The century between the ends of the Smalcaldic War and the Thirty Years Year (1548-1648) was turbulent both politically and religiously. In the latter sphere rifts among Luther's associates escalated into personal animosities and theological factionalism. Philipists and Gnesio-Lutherans, two major camps which vied for dominance within the German Lutheran context, exchanged accusations of crypto-Calvinism and crypto-Romanism while demanding of themselves and others clearer and more detailed expositions of what was felt to be "orthodox teachings."
Nor were Lutherans alone in the quest for doctrinal "truth." The Roman Catholic Council of Trent (1545-63), Thirty-Nine Articles of the Church of England (1563), Second Helvetic Consensus Formula (1566) and Synod of Dort (1618) for the Reformed, Formula of Concord and Book of Concord among Lutherans (1577 and 1580), and Westminster Confession (1646) for English Presbyterianism all indicate the breadth and intensity of attempts to formulate Christian truth often over and against other Christians. Those who attempted to act as intermediaries were few in number and were usually vilified by one or both sides.
Such activity evidences both the anxieties and stabilization of the Reformed and Lutheran communions. Beneath these developments is the assumption that a society's security was at least partially dependent on the highest possible degree of religious conformity within its borders. Whether the times required such conformity is debatable, but in such a polemical atmosphere, many lay persons and clergy felt their hearts strangely chilled. A reaction was probably inevitable.

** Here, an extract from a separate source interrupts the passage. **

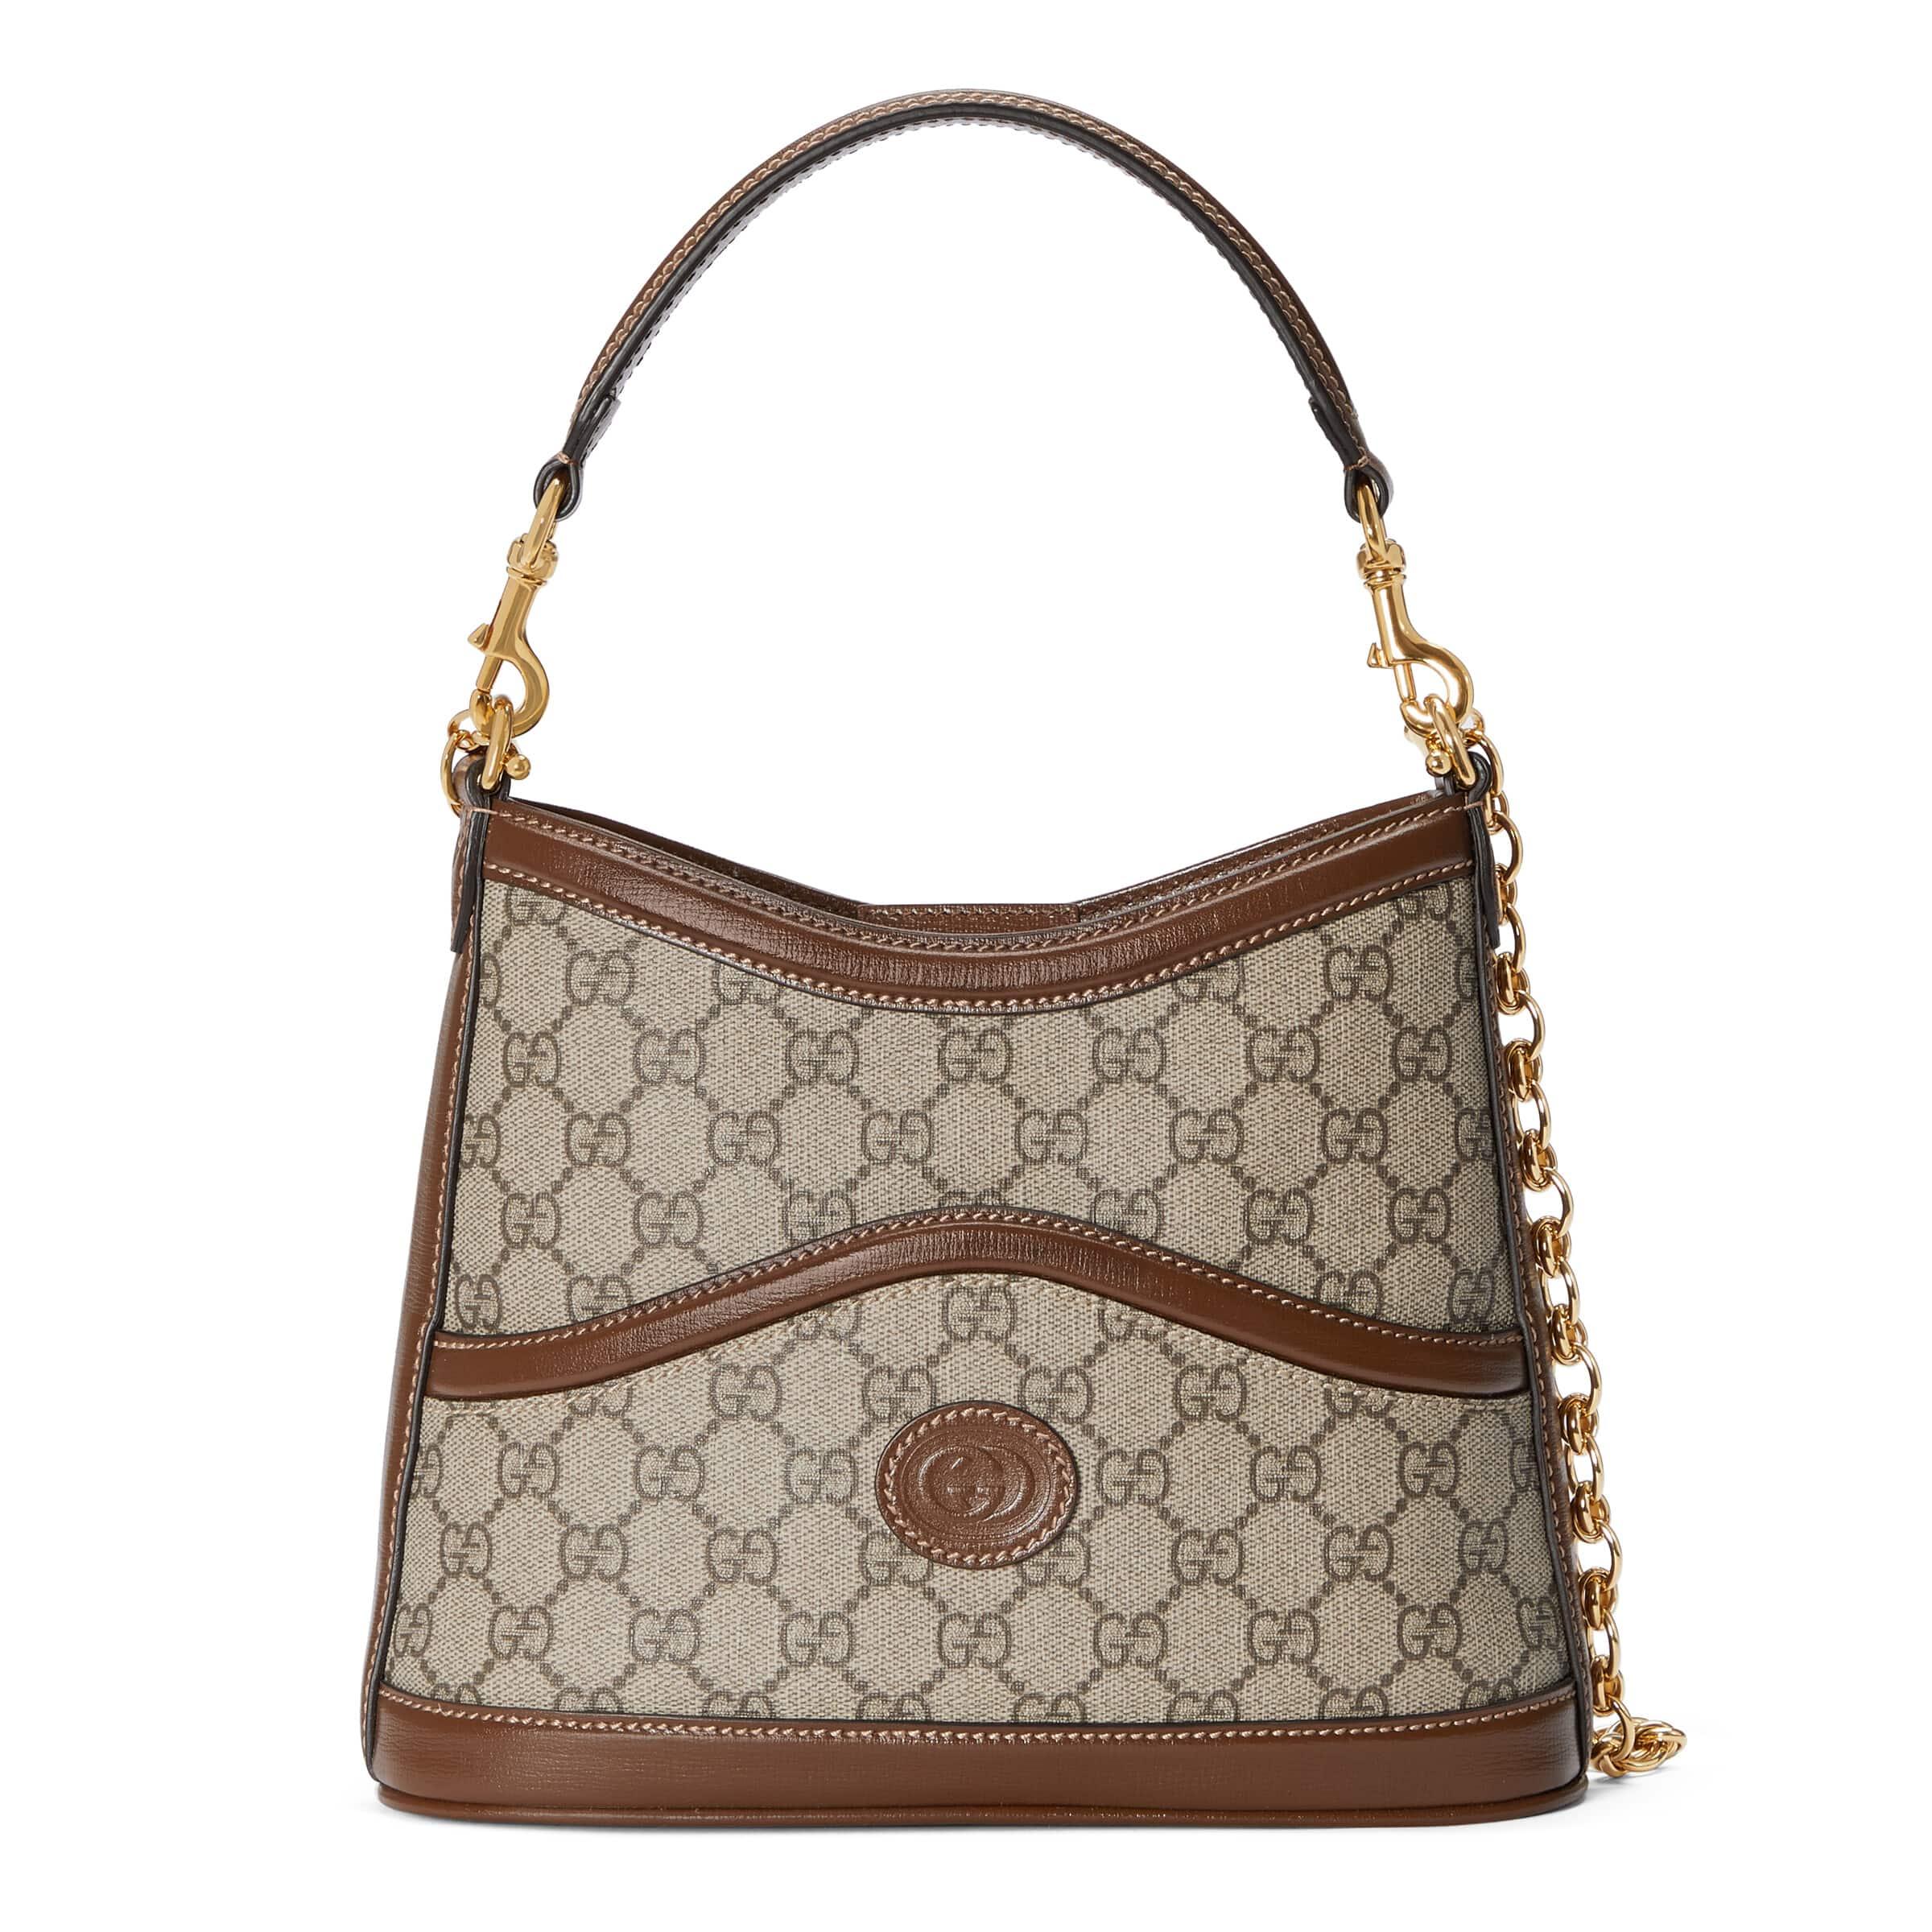 Gucci Large Shoulder Bag

The Unity, too, attempted to formulate its positions. In 1616 the Brethren drew up the Ratio Disciplinae Ordinisque Ecclesiastici in Unitate Fratrum Bohemorum. Seven chapters spelled out the Essential, Ministerial and Incidental things of the Christian faith. The Essentials are those things which are necessary for human salvation. These are given by God and not of human derivation, and consist of the grace of the Father, the merit of Christ, and the gifts of the Holy Spirit. On the part of humans, the Essentials are responded to through faith, love and hope. "The Ministerials" are the necessary means by which divine grace, Christ's merit and the operation of the Spirit are conferred on humans, that is, by which faith, love and hope are enkindled, cherished and strengthened. The Ministerials are the Word of God, the keys, and the sacraments. The Word reveals the Essentials, the keys assign them, and the sacraments seal them. The ordained ministry of the Church is necessary to advance the purity of faith, the ardor of love, and the firmness of hope. The Incidentals are ceremonies and rites of human derivation and origin.4 The Ratio or Church Order, given a final revision by Amos Comenius (1592-1670), has provided the language and categories which the Unity has used throughout its subsequent history to relate to its own internal situations and to reach out to other Christians.

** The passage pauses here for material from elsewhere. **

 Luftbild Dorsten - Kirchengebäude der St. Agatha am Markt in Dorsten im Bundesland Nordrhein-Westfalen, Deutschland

The Protestant defeat at the battle of White Mountain (1620) was catastrophic for the Brethren. To force Protestants to return to the Roman Catholic Church and to dismantle their conventicles, the Hapsburg victors criminalized religious dissent while denying dissenters permission to depart legally from Moravia and Bohemia. The "Period of the Hidden Seed" (1620-1732) was marked by danger and anxiety as small groups meet clandestinely for fellowship, worship and study. Many fled their Czech homelands to become refugees in Poland and Germany, often seeking support from Brethren who had preceded them as well as with Reformed and Lutheran sympathizers. "Hidden" as they may have been, they were, nevertheless, the seed for a new growth of discipleship. The Reformed in Poland, also subject to religious repression, recognized the devotion and religious integrity of the members of the Unity.
Their courageous witness, devotion to Scripture, cultivation of communal fellowship, and spiritual warmth inspired many to associate with and then join the Unity. One such person, the shepherd-carpenter-soldier, Christian David, (1690-1756), was sustained physically and spiritually by Lutherans, and became a member of the Lutheran church in Berlin. His several Lutheran connections and his conviction that a shelter for his sisters and brothers could be found in Germany led him eventually to Count von Zinzendorf's estate in 1722. The section on which the Brethren settled was called Herrnhut ("Watching for the Lord" and "The Lord Watches"). Gradually a community took physical and spiritual shape under Zinzendorf's patronage. The Ancient Church was poised for renewal.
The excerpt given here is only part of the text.